В таком, неожиданно для себя самого, светлом чувстве смотрел я на своих солдат, быстро выстраивавшихся на косогоре, с которого в лучах яркого полуденного солнца уже сбегали быстрые весенние ручьи.
Сказав «паркачам» по просьбе больного и неуверенного в себе командира несколько слов о мудром и великодушном отречении государя-императора и о переходе власти к Временному правительству, которое бесспорно сделает все, от него зависящее, чтобы в возможно короткий срок с честью окончить войну, я распустил своих сибиряков с просьбой строже, чем раньше, соблюдать дисциплину, и с угрозой строже, чем раньше, взыскивать за нарушение ее, так как известно, «кому много дано, с того много и взыщется».
Слушали меня очень внимательно, отнеслись к сказанному с полным доверием и после команды «разойдись», весело, с какою-то, как мне показалось,
новою свободою в движениях и голосе, шумно посыпались под гору в деревню. Вечером во всех халупах, как докладывал фельдфебель, только и было разговору, что вернемся домой и, наконец-то, заживем на своей земле полными хозяевами своей новой и вольной жизни.
Об этой будущей жизни я и сам в первые дни после переворота много говорил с солдатами и из этих разговоров вынес твердое убеждение, что жажда «замирения», с неудержимою силою вспыхнувшая в солдатских душах, была не трусостью и шкурничеством, но прежде всего всенародно-творческим порывом к свободе, в смысле оправдания добра в мире.

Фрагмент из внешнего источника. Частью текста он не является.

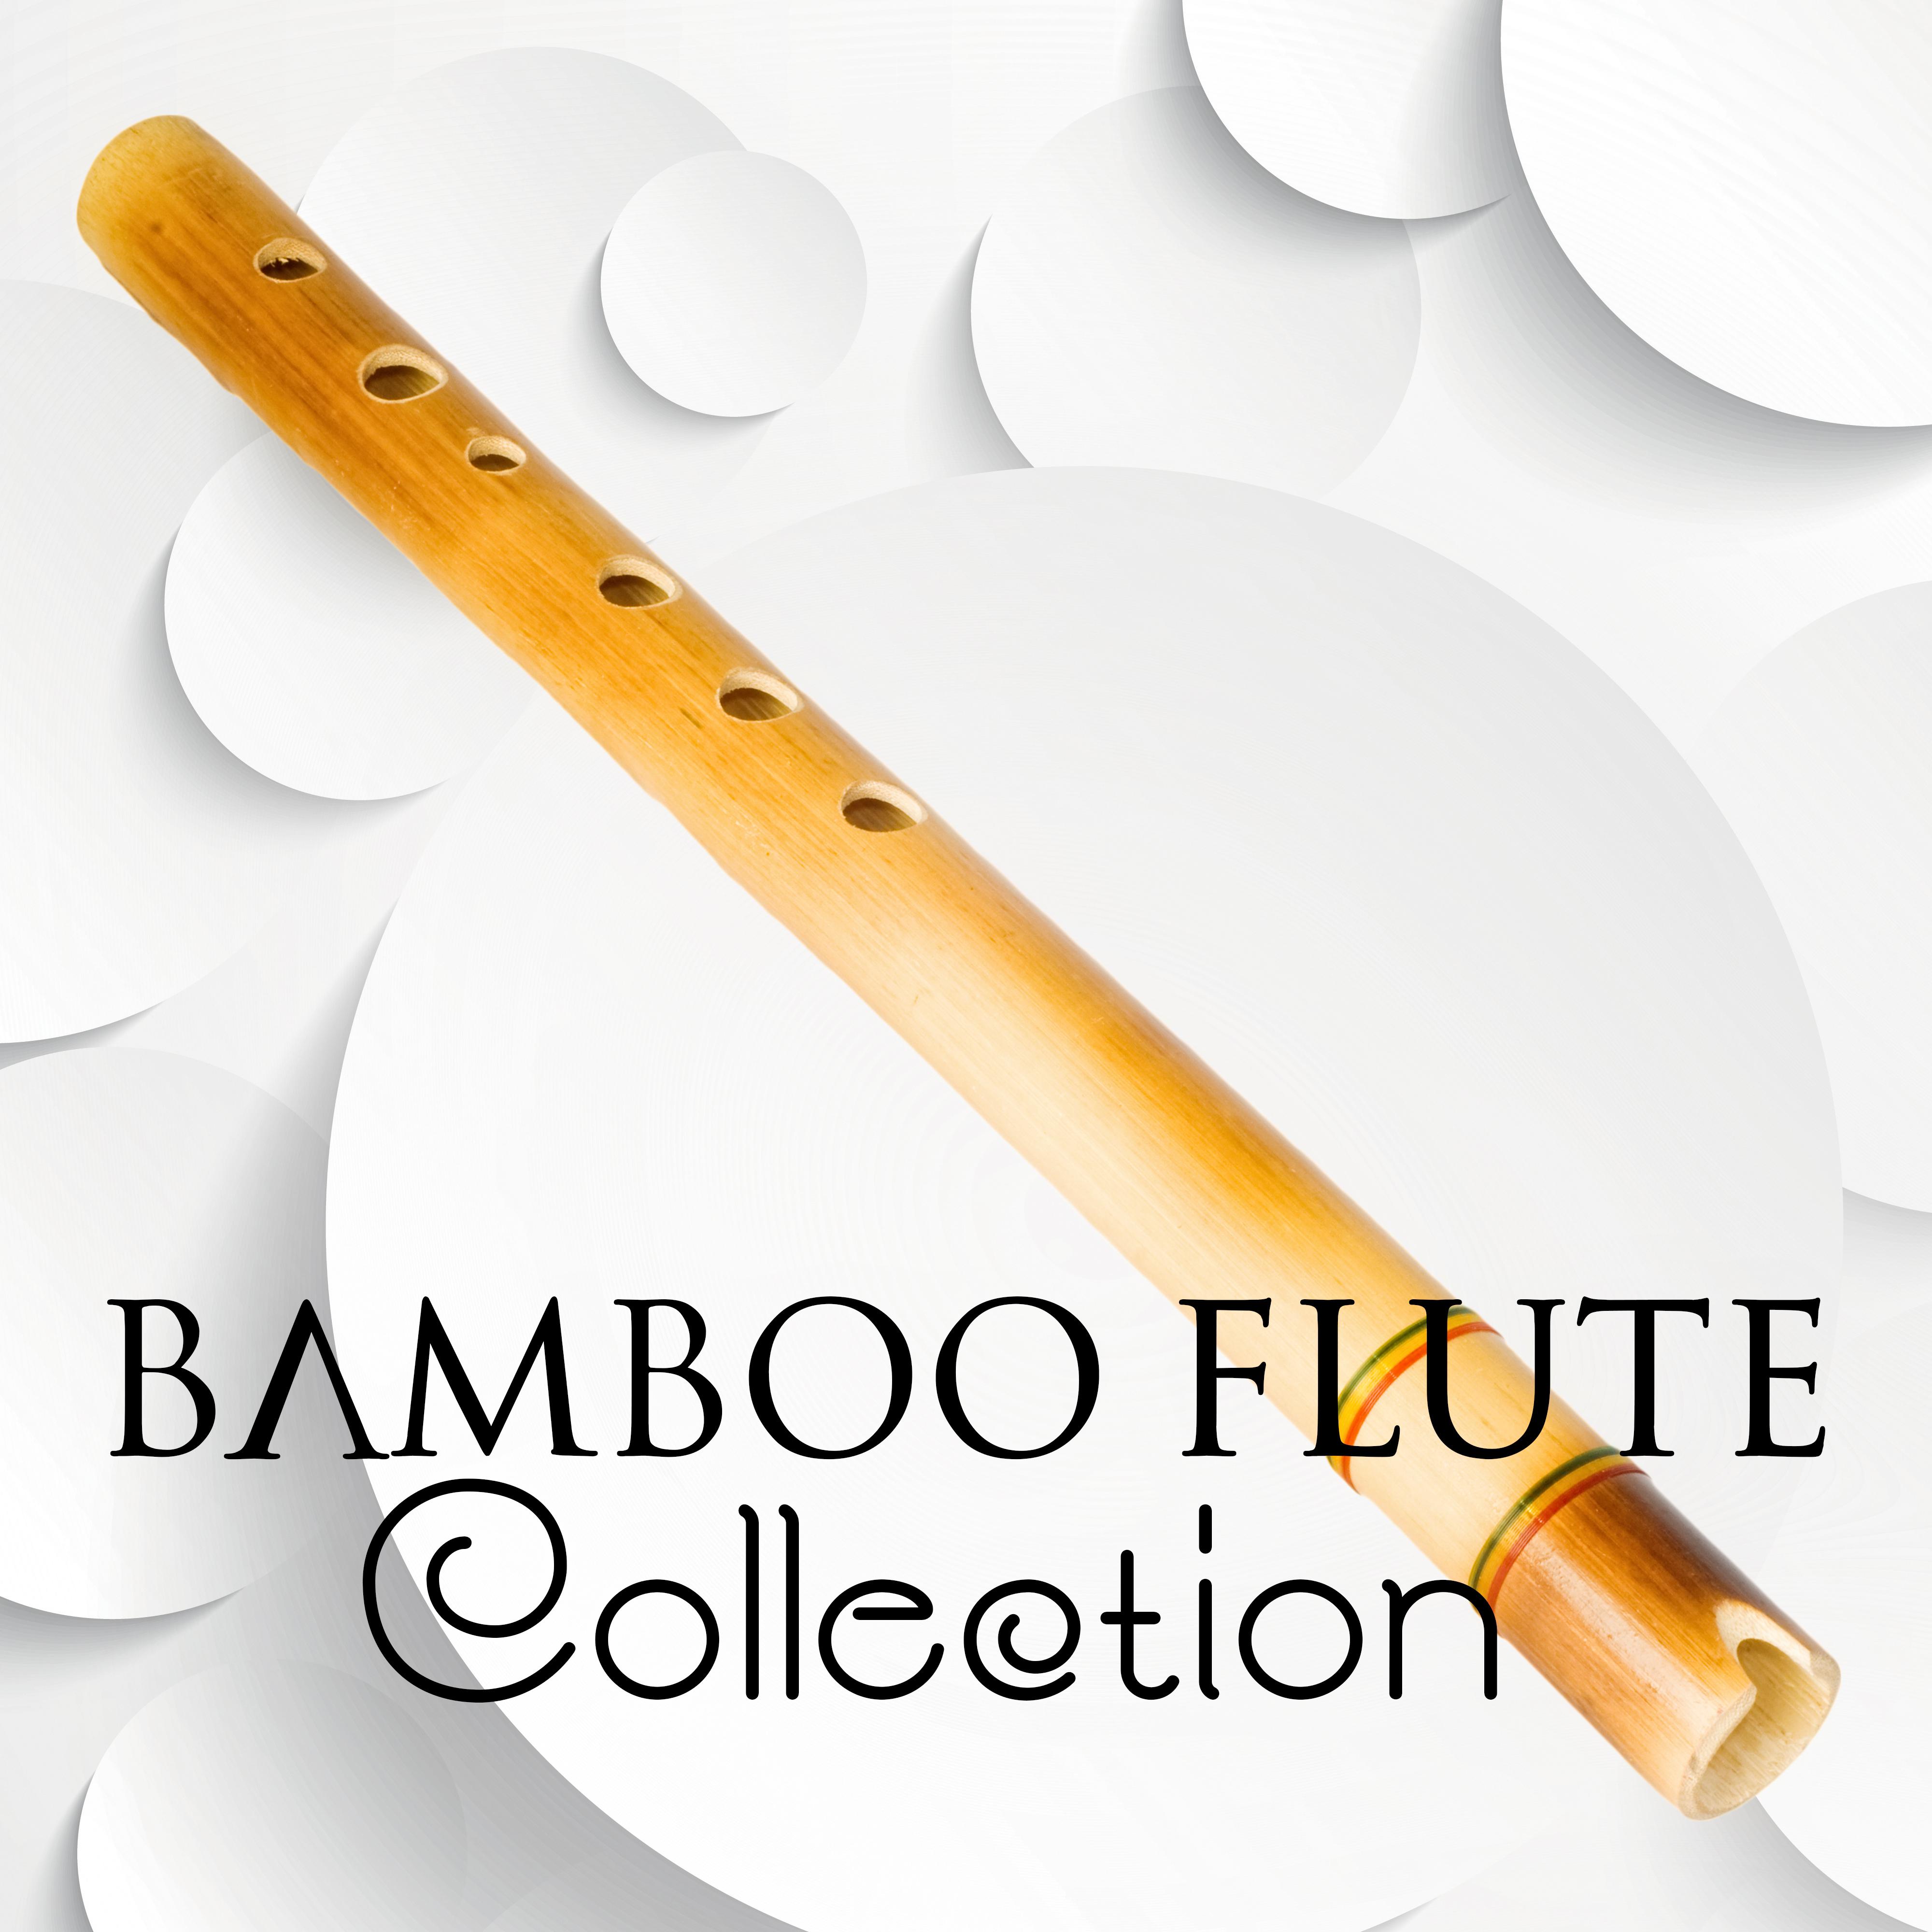 Bamboo Flute Collection  Relaxing Flute Music with Nature Sounds to Relax  Meditate, Chakra, Massage, Reiki, Sleep, Spa, Yoga, Healing Power

Найдись у революции вожди, которые, во время расслышав этот порыв, сумели бы его политически оформить, все было бы спасено: и правда революции, и честь России.
Несмотря на мое, как стали выражаться впоследствии, «приятие революции», я не испытывал ни малейшего желания принять в ней деятельное участие. Не доложи мне как-то ранним утром мой денщик Се-меша, что за мной прибежали два стрелка, у которых в полку неладно, я, быть может, так до конца и остался бы в стороне от революционных событий.
Введенные бледным от волнения Семеном стрелки, солидные, бородатые мужики в подоткнутых шинелях, потные и растрепанные от быстрой ходьбы, перебивая друг друга, доложили мне, что их полк собирается самовольно уходить из окопов и грозит повесить командира, если он на то не даст своего «приказу». Их ротный (хорошо знакомый мне поручик из прапорщиков) просит меня немедленно приехать и поговорить с бунтовщиками, которые чужого, быть может, скорее послушают, чем своего.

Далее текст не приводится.